Но стоило мне замедлить шаг, чтобы совместить размышления с передвижением, как из-за поворота замелькал образ, вместе с ним – знакомая яркая толстовка и раздалось шарканье, уже отчетливо слышное, резиновой подошвы таких же знакомых кед. Эмма Мейси – человек, добивающийся правды любыми способами.
Я решил, что сопровождающие мне сейчас абсолютно не нужны, что Эмма будет лишней…и побежал. Да, в какой-то момент я подумал, что если побегу, то девочка просто отстанет и бросит это дело. Но не тут-то было: я бежал, а Эмма бежала за мной. Знакомая трасса, та же грязь, но я не сдавался, впрочем, как и Мейси. Маленькая – а перемещалась со скоростью света. Убежать от нее, даже мне – старшекласснику, оказалось невозможным. Да, нелепо звучит, но почему-то так, собственно, оказалось.

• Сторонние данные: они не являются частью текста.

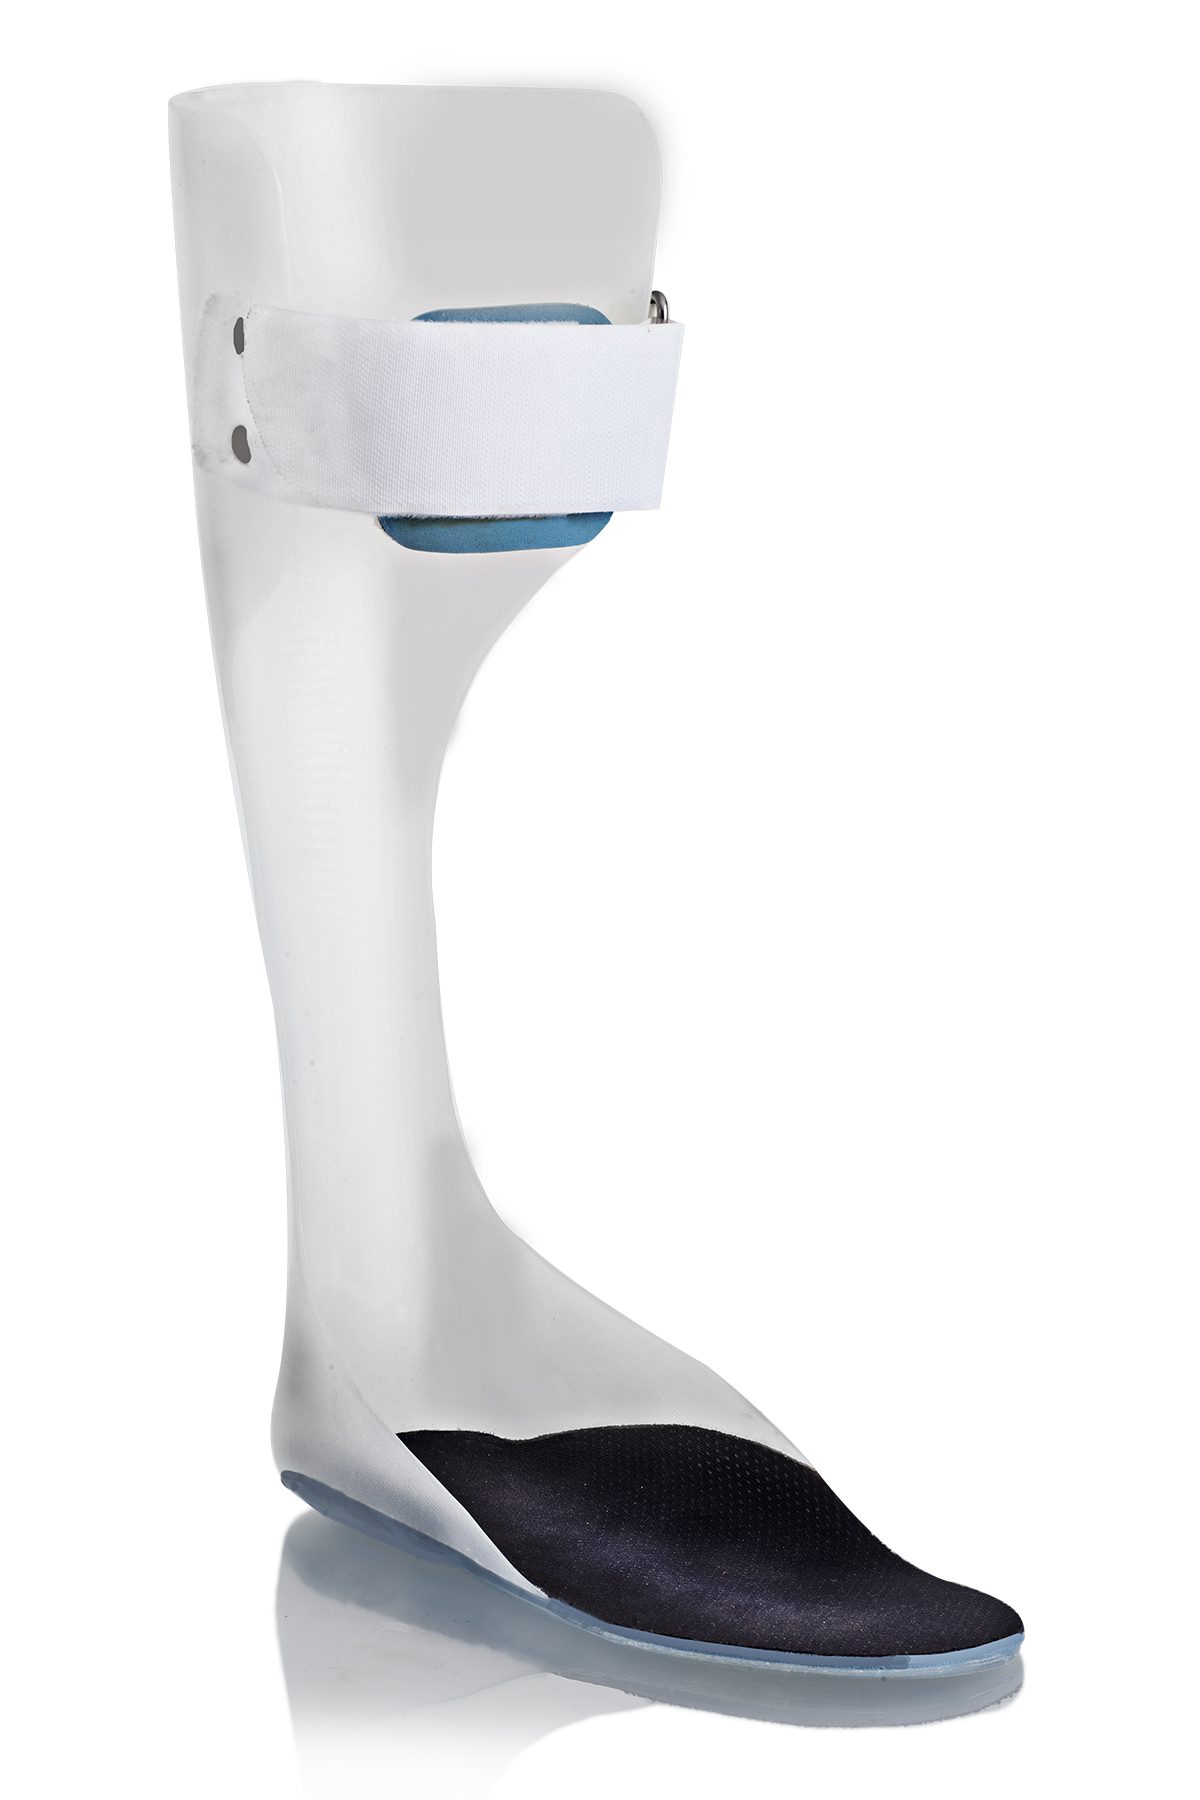 Semi-Solid Ankle Foot Orthosis Drop Foot Brace – The Therapy Connection

И, черт возьми, мы добежали до того берега реки, где некоторое время назад в моей жизни случился один переломный момент. Я рухнул на землю, с трудом переводя дыхание, обхватил голову руками. Краем уха я слышал, как девочка робко подходит ближе и усаживается рядом. Затем, она осторожно обняла меня за плечи и произнесла:
- Колин…ну, как ты?
- Никак, - шепнул я, потому что уже не мог говорить нормально: слезы полились из моих глаз, обжигая щеки.

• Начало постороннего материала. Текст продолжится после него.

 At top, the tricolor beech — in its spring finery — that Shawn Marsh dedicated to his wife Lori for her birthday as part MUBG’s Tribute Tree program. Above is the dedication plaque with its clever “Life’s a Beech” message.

- Ну, ну, не надо, - сказала Эмма, - Колин, успокойся, все хорошо. Пожалуйста.
И она легонько погладила меня по голове.
- Не плачь.
Мне, должен признаться, было стыдно, что я – парень, чуть ли не выпускник, разревелся перед маленькой девочкой, которая сейчас смотрела на меня с огромным сочувствием. Чувства брали верх – я ничего не мог поделать.
- Я стараюсь, - ответил, и в моих легких снова не осталось воздуха.
- Я вижу, ты молодец. Хотя, знаешь, мне говорили, что иногда лучше поплакать, чем держать всю боль в себе. Так что знаешь…не надо сдерживать себя в этом.
- Правда, так думаешь?
- Да, правда.
Я закрыл глаза и сказал:
- А знаешь, когда все начиналось, я думал, что финал совсем не скоро.
И к моему удивлению, Эмма Мейси не спросила: что начиналось? Почему? Зачем? Она просто кивнула головой и ответила:
- Да, я тоже когда-то так полагала. Я думала, что у вас все будет хорошо, всегда. Хотя, и с трудом верила.
- А было видно?
- Что вы вместе? – Конечно. Но только для того, кто внимательный. Так, порой бросив на вас мимолетный взгляд школе – такого нельзя было подумать. А если быть повнимательней, то заметить, как вы порой держитесь за руку в коридоре или обнимаетесь у шкафчиков, не было трудной задачей. А на самом деле, Колин, я всегда знала, что ты гей.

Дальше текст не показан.